Wachstumsfaktorinhibitoren zur pharmakologischen Wundmodulation nach filtrierender Glaukomchirurgie am in-vitro-Beispiel des Tenonfibroblasten

Abstract

Ziel: Das Ziel einer postoperativen Nachsorge nach Trabekulektomie verlagert sich zunehmend von einer reinen Proliferationsunterdrückung zur Hemmung aller durch den Tenonfibroblasten kontrollierten Funktionen wie Proliferation, Migration, Extrazellulärmatrixproduktion und Transformation in Myofibroblasten. Die Regulation dieser Funktionen erfolgt durch eine konzertierte Aktion zahlreicher Wachstumsfaktoren. Wir untersuchten den Einfluss der Wachstumsfaktorinhibitoren Suramin und Genistein auf Tenonfibroblasten in vitro und verglichen die Ergebnisse mit denen des bereits etablierten Antimetaboliten 5-FU. Methode: Verwendet wurden Tenonfibroblasten- Primärkulturen. Die Untersuchung des Wanderungsverhaltens nach Zugabe der Medikamente erfolgte im Transwell Assay System, die des Proliferationsverhaltens einer definierten Zellzahl in einem cell-count- Verfahren. Der Fibronektingehalt in den Überständen behandelter Zellen wurde zu mehreren Untersuchungszeitpunkten mit Hilfe eines ELISA ermittelt. Die Bestimmung der Umwandlungrate von Tenonfibroblasten in Myofibroblasten nach Medikamentenzugabe erfolgte anhand einer doppelten Fluoreszenzfärbung. Ergebnisse: Alle verwendeten Medikamente waren in der Lage, die Migration von Tenonfibroblasten sowie die Transformation in Myofibroblasten zu inhibieren, jedoch gelang nie eine vollständige Unterdrückung. Die Proliferation wurde durch Suramin vergleichsweise geringfügig gehemmt. Dagegen lagen die Proliferationswerte von Genistein und 5-FU zu allen Untersuchungszeitpunkten im Bereich des Ausgangswertes. Alle untersuchten Medikamente verringerten die Fibronektinexpression des Tenonfibroblasten um ca. 50%. Schlussfolgerungen: Sowohl Genistein als auch Suramin sind in der Lage, die Funktionen des Tenonfibroblasten signifikant zu hemmen. Genistein hat dabei in einzelnen Zellfunktionen zeitweise eine stärkere Wirkung als das etablierte 5-FU. Suramin hatte einen schwächeren Effekt auf die Fibroblastenfunktionen als 5-FU.

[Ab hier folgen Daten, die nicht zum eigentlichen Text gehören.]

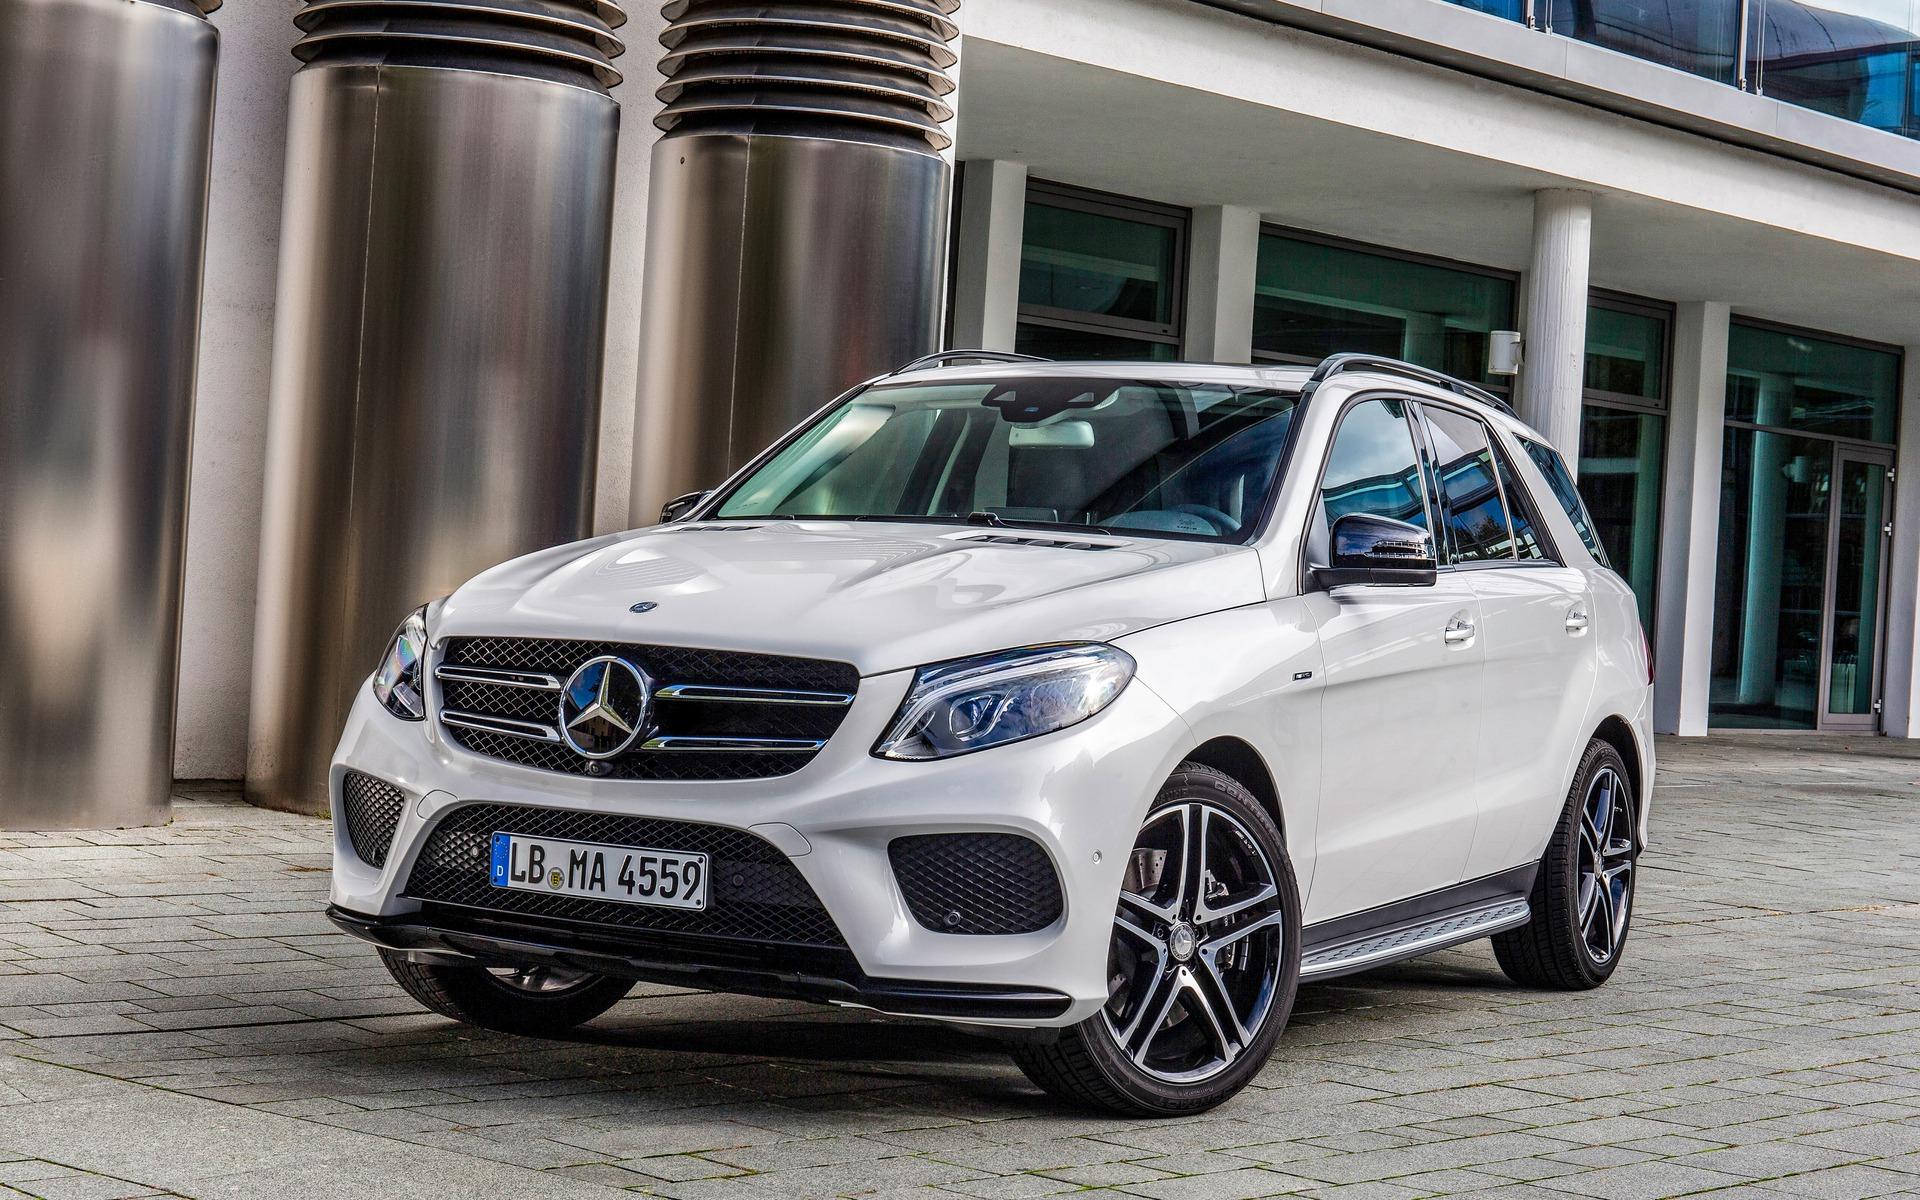 Mercedes benz gle 450 amg 4matic 2016 logique germanique for Mercedes benz gle class

Objective: The goal of postoperative care after trabeculectomy shifts increasingly from a pure suppression of proliferation of human tenon s capsule fibroblasts to an inhibition of all functions controlled by these cells including proliferation, migration, extracellular matrix production and transformation to myofibroblasts. The regulation of these functions is achieved by a concerted action of numerous growth factors. We analyzed the impact of growth factor inhibitors such as Suramin and Genistein on tenon fibroblasts in vitro and contrasted the results to the already established antimetabolite 5-FU. Methods: Primary cultures of tenon fibroblasts were used. The migration behaviour after addition of the drugs was tested in a transwell assay system. The examination of proliferation behaviour of a defined cell number was studied with a cell count method. The fibronectin content of supernatants was analyzed at several time points with an ELISA. The determination of the transformation rate from tenon fibroblasts tomyofibroblasts after addition of the drugs was carried out on the basis of a double fluorescence staining. Results: All drugs applied were able to inhibit the migration of tenon fibroblasts as well as their transformation to myofibroblasts. However, a complete suppression of these functions was not achieved. Suramin inhibited the proliferation only slightly. In contrast, the proliferation level of genistein and 5-FU was in the range of the initial values at all times of assessment. All tested drugs diminished the expression of fibronectin by 50 %. Conclusions: Both Genistein and Suramin are capable of inhibiting the functions of the human tenon fibroblast significantly. Genistein has a stronger effect in specified cell functions than the well- established 5-FU. Suramin has a weaker effect on fibroblast-functions than 5-FU.